_Required work_. Once the pictures are set aside, repeat all of the data below exactly.

_Supplied information_.
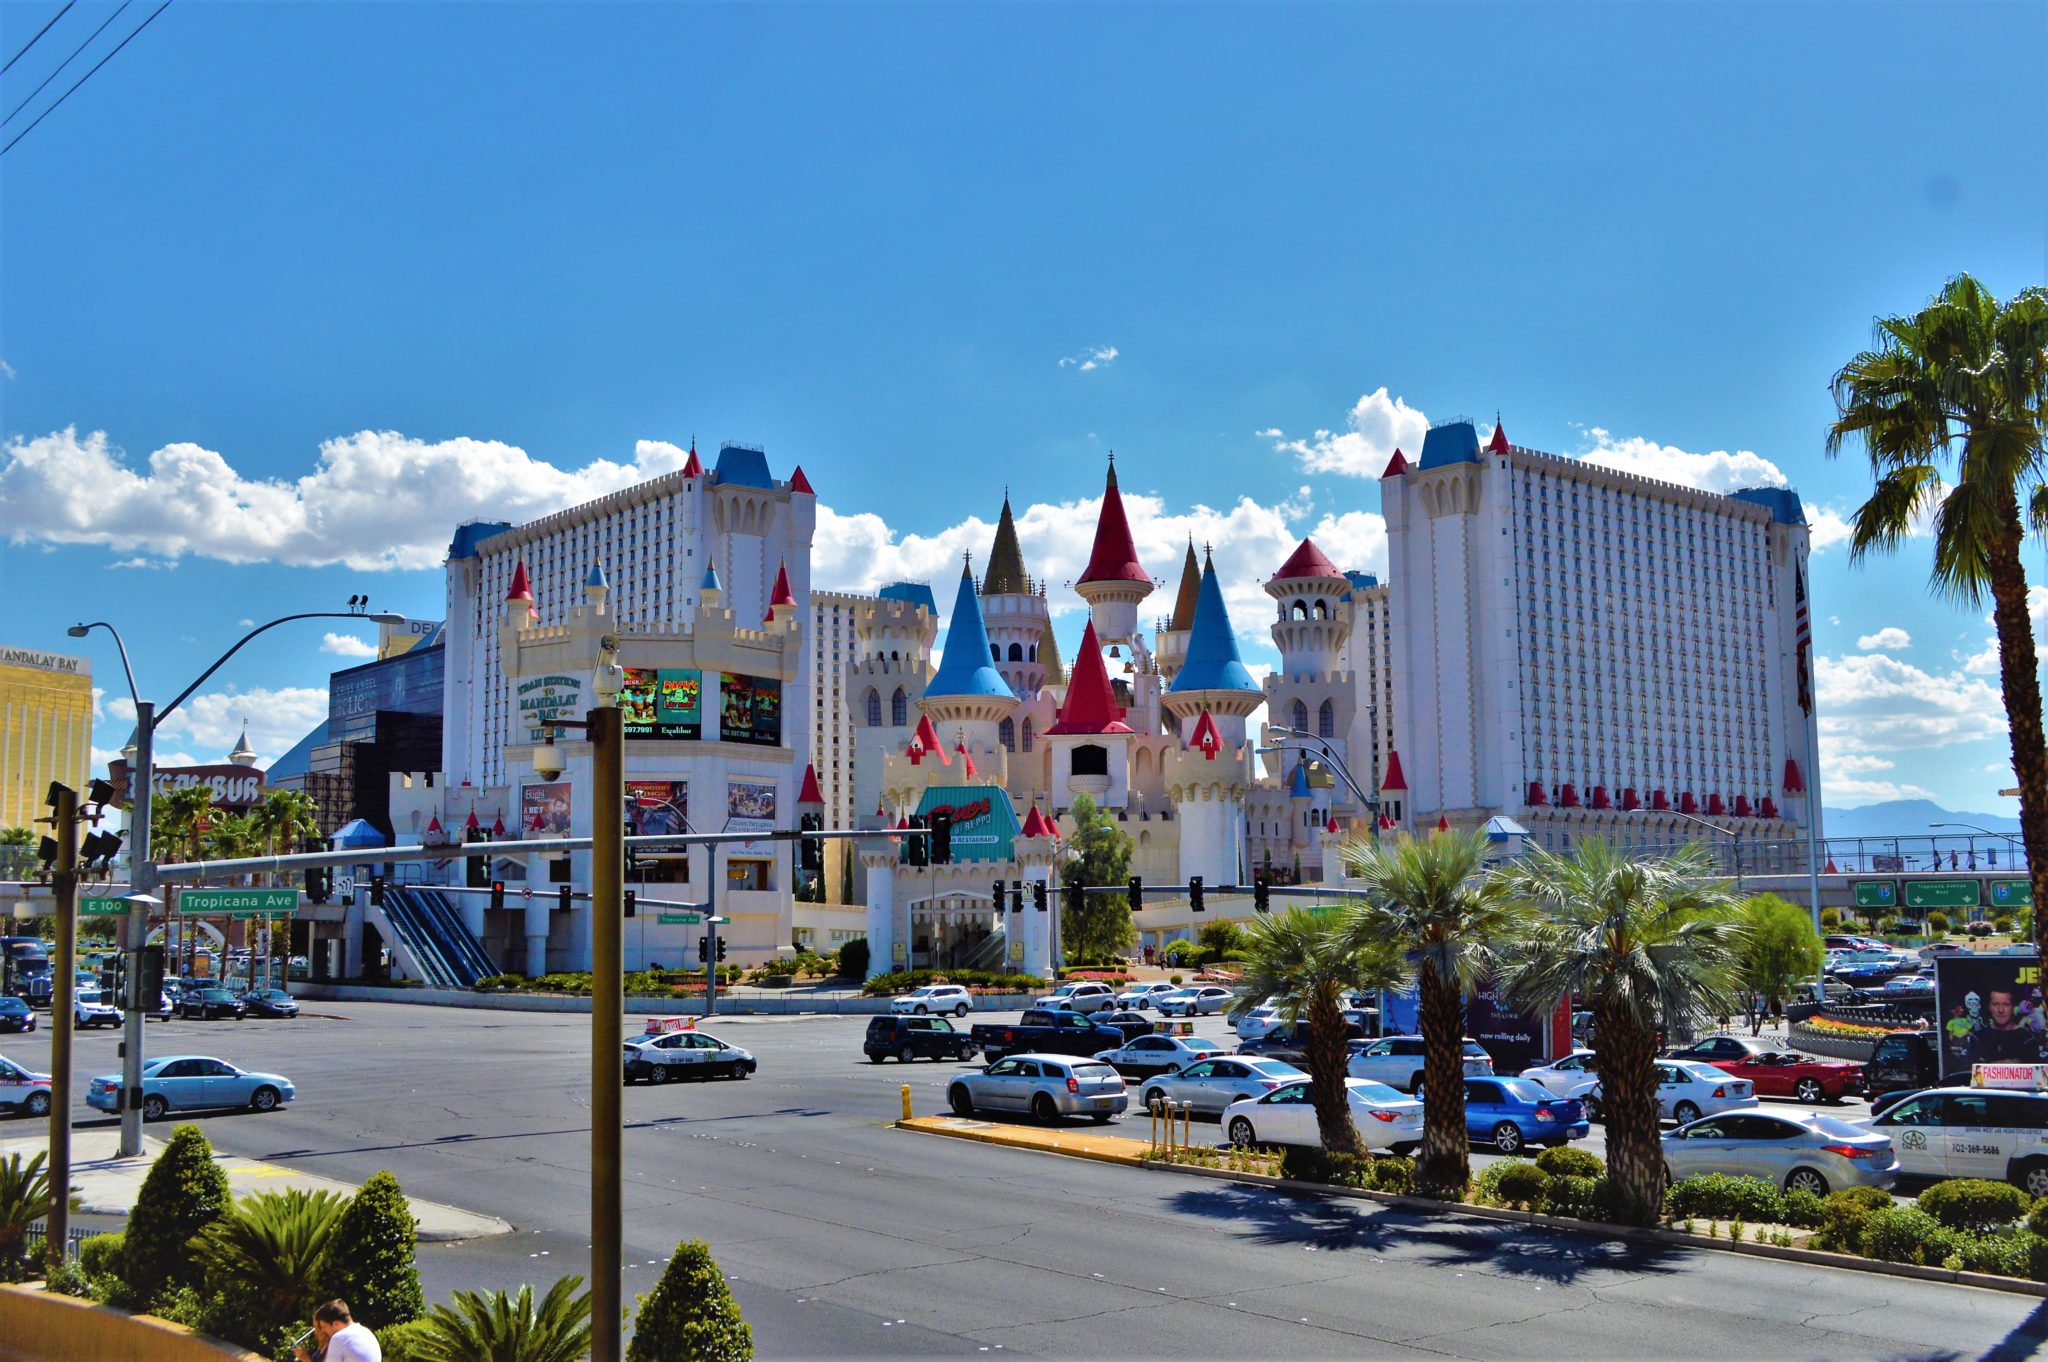 excalibur hotel casino las vegas nv
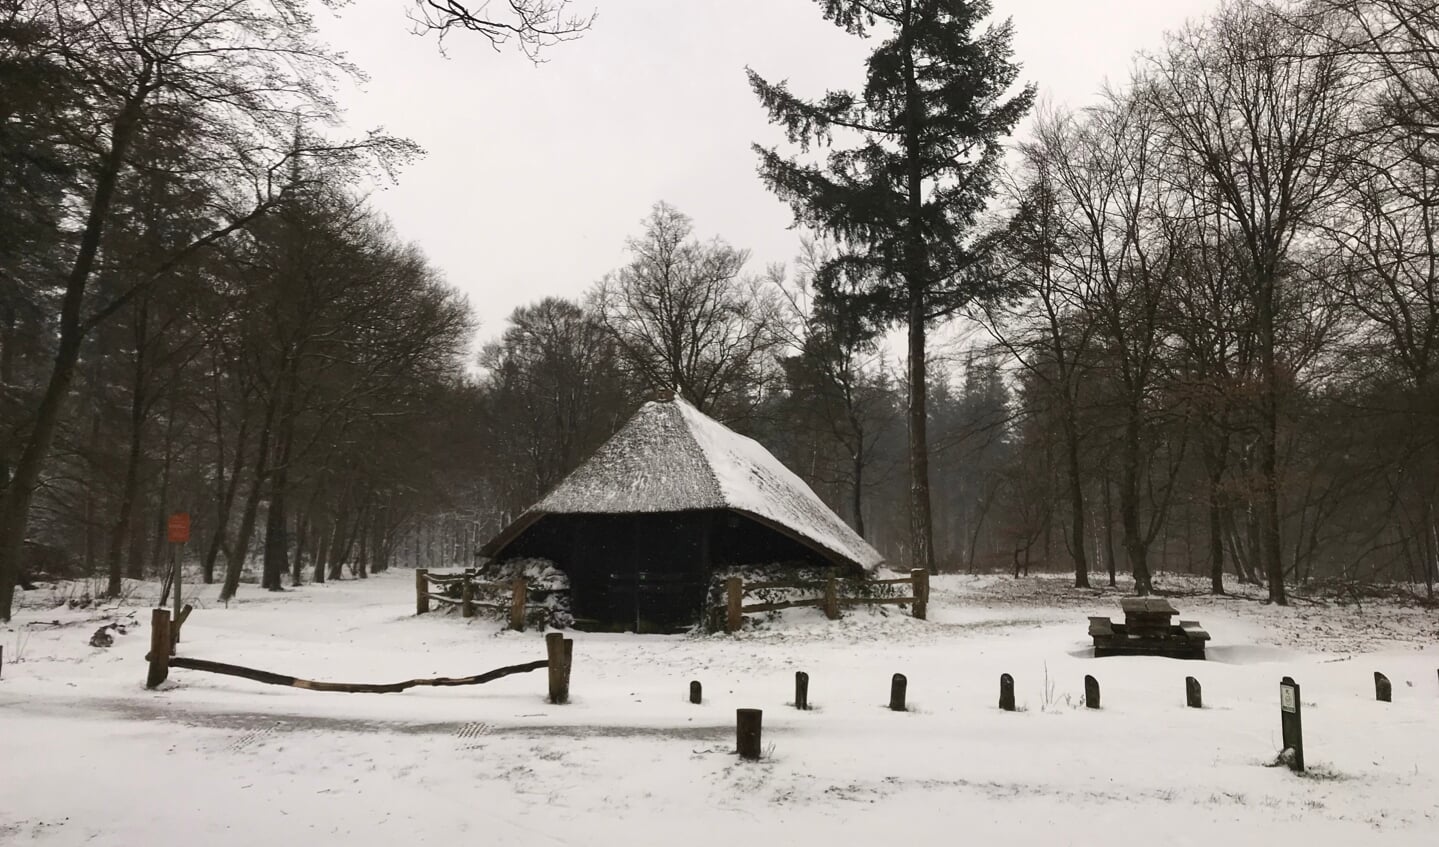 Een mooie winterfoto.
Zondagochtend gemaakt tijdens m’n rondje hardlopen.  De mooie schaapskooi op Boeschoten. Gemaakt door Gea van der Huure.

_Completed task_.
 excalibur hotel casino las vegas nv
 Een mooie winterfoto.
Zondagochtend gemaakt tijdens m’n rondje hardlopen.  De mooie schaapskooi op Boeschoten. Gemaakt door Gea van der Huure.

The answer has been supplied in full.